Movie Review–Jules and Jim (1962)

Written and Directed by Francois Truffaut
Starring Oskar Werner, Henri Serre, Jeanne Moreau
1 hr 45 min
Not Rated

Available on HuluPlus


Jules and Jim is a strange piece of cinema. Essentially the story is a love triangle between the title characters and the psychotic object of their collective affection, Catherine. The love triangle is a storytelling technique that is overused  and almost always under-developed. This one works wonders, though.

The reason it succeeds where so many others fails is that it focuses not on the romance, but the friendship between Jules and Jim. It paints a complete picture of a relationship, not the typical picturesque version of love. The story is about them, not Catherine, hence the title of the film. As the confusion and fragility of romance take their toll on the characters, one thing stays true–the enduring power of true best friends.

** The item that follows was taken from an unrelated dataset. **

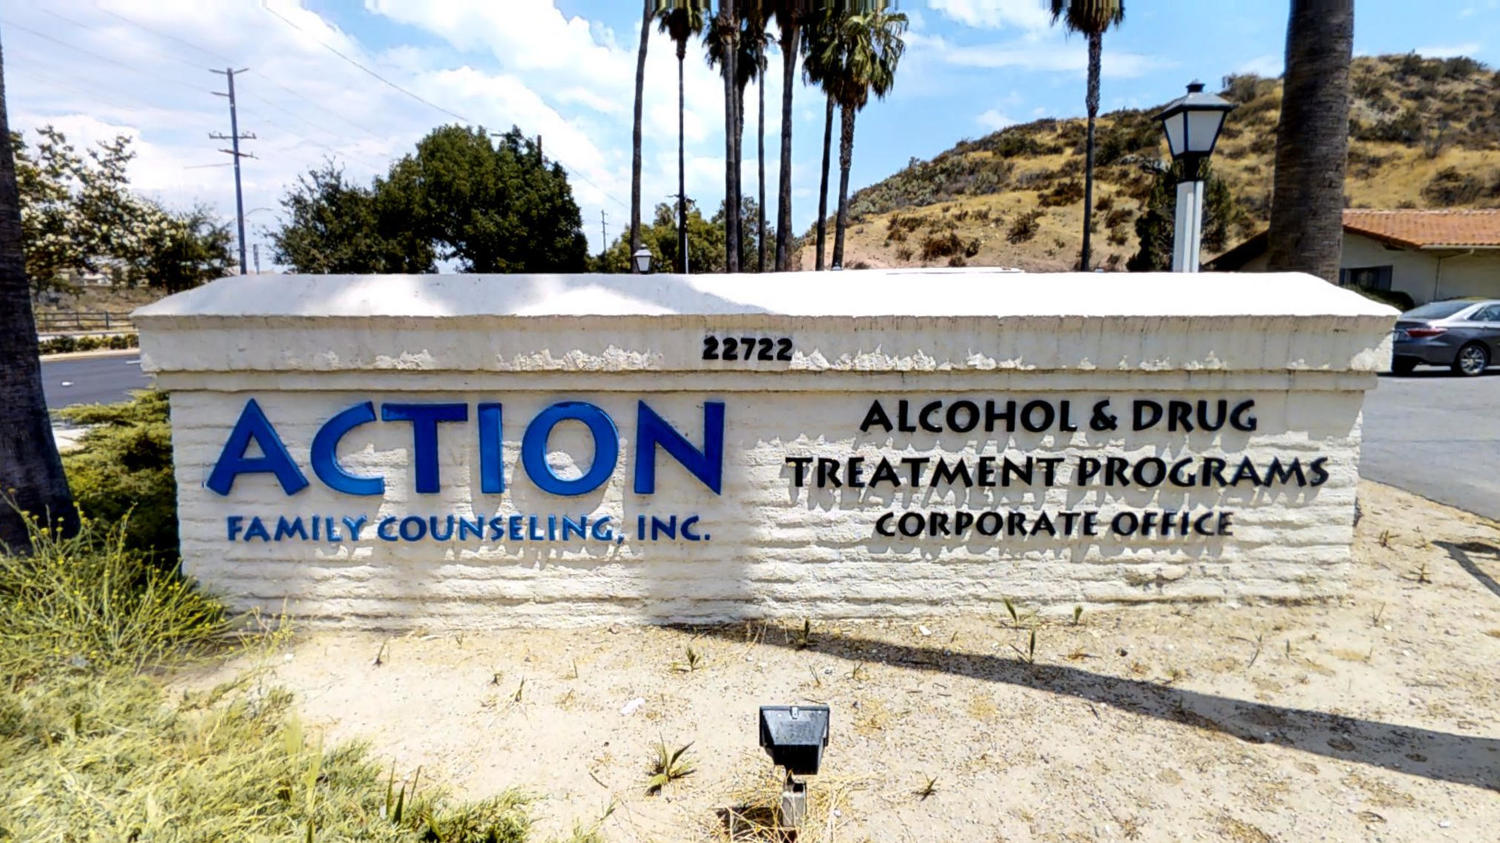 Gallery Photo of Action Family Counseling Drug and Alcohol Treatment Centers

I hesitate to describe it this way in the fear that I make it seem melodramatic. It’s not. In fact, Jules and Jim is one of the most understated movies I’ve ever seen. To illustrate my point, here is the last line of the film, spoken evenly by the narrator: “Catherine would have wanted her ashes scattered to the winds from a hilltop, but that was against regulations.” That’s it. Done. You won’t see the dramatic theatrics of classic Hollywood here. This is France, bitch.